Give every entry again, exactly.

#### Dataset extract
-----

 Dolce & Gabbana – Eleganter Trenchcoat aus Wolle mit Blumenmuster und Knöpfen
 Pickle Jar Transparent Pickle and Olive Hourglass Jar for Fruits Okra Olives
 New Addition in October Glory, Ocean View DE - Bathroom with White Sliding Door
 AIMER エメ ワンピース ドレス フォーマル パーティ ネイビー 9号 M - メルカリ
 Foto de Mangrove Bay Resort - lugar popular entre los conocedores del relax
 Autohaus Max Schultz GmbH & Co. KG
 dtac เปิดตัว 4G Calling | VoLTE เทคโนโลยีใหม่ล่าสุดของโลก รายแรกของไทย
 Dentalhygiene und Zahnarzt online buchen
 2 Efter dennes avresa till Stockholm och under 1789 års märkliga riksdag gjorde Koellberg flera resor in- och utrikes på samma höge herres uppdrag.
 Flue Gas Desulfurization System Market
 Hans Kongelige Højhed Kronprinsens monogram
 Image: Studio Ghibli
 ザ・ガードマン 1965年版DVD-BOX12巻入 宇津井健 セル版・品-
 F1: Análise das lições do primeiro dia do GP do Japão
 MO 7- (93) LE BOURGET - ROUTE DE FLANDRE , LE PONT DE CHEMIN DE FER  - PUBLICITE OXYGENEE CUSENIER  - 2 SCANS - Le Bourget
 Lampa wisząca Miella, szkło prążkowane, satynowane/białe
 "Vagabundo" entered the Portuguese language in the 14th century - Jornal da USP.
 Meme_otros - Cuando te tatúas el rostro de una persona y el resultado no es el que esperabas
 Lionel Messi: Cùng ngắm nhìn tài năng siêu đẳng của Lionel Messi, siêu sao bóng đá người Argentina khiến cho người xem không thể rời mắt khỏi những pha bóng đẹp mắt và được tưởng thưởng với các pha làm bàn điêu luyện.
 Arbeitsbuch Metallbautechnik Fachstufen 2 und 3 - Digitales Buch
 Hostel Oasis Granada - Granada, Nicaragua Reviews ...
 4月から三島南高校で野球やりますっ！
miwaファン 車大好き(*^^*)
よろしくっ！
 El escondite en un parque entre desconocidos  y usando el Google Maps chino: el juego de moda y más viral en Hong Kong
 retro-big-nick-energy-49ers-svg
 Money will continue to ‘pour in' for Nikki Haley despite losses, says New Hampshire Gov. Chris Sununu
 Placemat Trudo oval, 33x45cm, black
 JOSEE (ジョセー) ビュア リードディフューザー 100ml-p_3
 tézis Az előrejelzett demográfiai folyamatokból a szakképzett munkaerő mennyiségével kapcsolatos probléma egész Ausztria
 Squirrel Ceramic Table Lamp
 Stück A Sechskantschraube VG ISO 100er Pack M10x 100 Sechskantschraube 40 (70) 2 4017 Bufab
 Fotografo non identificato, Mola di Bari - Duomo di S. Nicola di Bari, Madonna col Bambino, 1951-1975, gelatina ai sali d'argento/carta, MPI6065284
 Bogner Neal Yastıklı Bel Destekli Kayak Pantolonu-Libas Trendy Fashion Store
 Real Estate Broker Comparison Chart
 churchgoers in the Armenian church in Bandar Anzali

-----

#### Reply to the exercise
 Dolce & Gabbana – Eleganter Trenchcoat aus Wolle mit Blumenmuster und Knöpfen
 Pickle Jar Transparent Pickle and Olive Hourglass Jar for Fruits Okra Olives
 New Addition in October Glory, Ocean View DE - Bathroom with White Sliding Door
 AIMER エメ ワンピース ドレス フォーマル パーティ ネイビー 9号 M - メルカリ
 Foto de Mangrove Bay Resort - lugar popular entre los conocedores del relax
 Autohaus Max Schultz GmbH & Co. KG
 dtac เปิดตัว 4G Calling | VoLTE เทคโนโลยีใหม่ล่าสุดของโลก รายแรกของไทย
 Dentalhygiene und Zahnarzt online buchen
 2 Efter dennes avresa till Stockholm och under 1789 års märkliga riksdag gjorde Koellberg flera resor in- och utrikes på samma höge herres uppdrag.
 Flue Gas Desulfurization System Market
 Hans Kongelige Højhed Kronprinsens monogram
 Image: Studio Ghibli
 ザ・ガードマン 1965年版DVD-BOX12巻入 宇津井健 セル版・品-
 F1: Análise das lições do primeiro dia do GP do Japão
 MO 7- (93) LE BOURGET - ROUTE DE FLANDRE , LE PONT DE CHEMIN DE FER  - PUBLICITE OXYGENEE CUSENIER  - 2 SCANS - Le Bourget
 Lampa wisząca Miella, szkło prążkowane, satynowane/białe
 "Vagabundo" entered the Portuguese language in the 14th century - Jornal da USP.
 Meme_otros - Cuando te tatúas el rostro de una persona y el resultado no es el que esperabas
 Lionel Messi: Cùng ngắm nhìn tài năng siêu đẳng của Lionel Messi, siêu sao bóng đá người Argentina khiến cho người xem không thể rời mắt khỏi những pha bóng đẹp mắt và được tưởng thưởng với các pha làm bàn điêu luyện.
 Arbeitsbuch Metallbautechnik Fachstufen 2 und 3 - Digitales Buch
 Hostel Oasis Granada - Granada, Nicaragua Reviews ...
 4月から三島南高校で野球やりますっ！
miwaファン 車大好き(*^^*)
よろしくっ！
 El escondite en un parque entre desconocidos  y usando el Google Maps chino: el juego de moda y más viral en Hong Kong
 retro-big-nick-energy-49ers-svg
 Money will continue to ‘pour in' for Nikki Haley despite losses, says New Hampshire Gov. Chris Sununu
 Placemat Trudo oval, 33x45cm, black
 JOSEE (ジョセー) ビュア リードディフューザー 100ml-p_3
 tézis Az előrejelzett demográfiai folyamatokból a szakképzett munkaerő mennyiségével kapcsolatos probléma egész Ausztria
 Squirrel Ceramic Table Lamp
 Stück A Sechskantschraube VG ISO 100er Pack M10x 100 Sechskantschraube 40 (70) 2 4017 Bufab
 Fotografo non identificato, Mola di Bari - Duomo di S. Nicola di Bari, Madonna col Bambino, 1951-1975, gelatina ai sali d'argento/carta, MPI6065284
 Bogner Neal Yastıklı Bel Destekli Kayak Pantolonu-Libas Trendy Fashion Store
 Real Estate Broker Comparison Chart
 churchgoers in the Armenian church in Bandar Anzali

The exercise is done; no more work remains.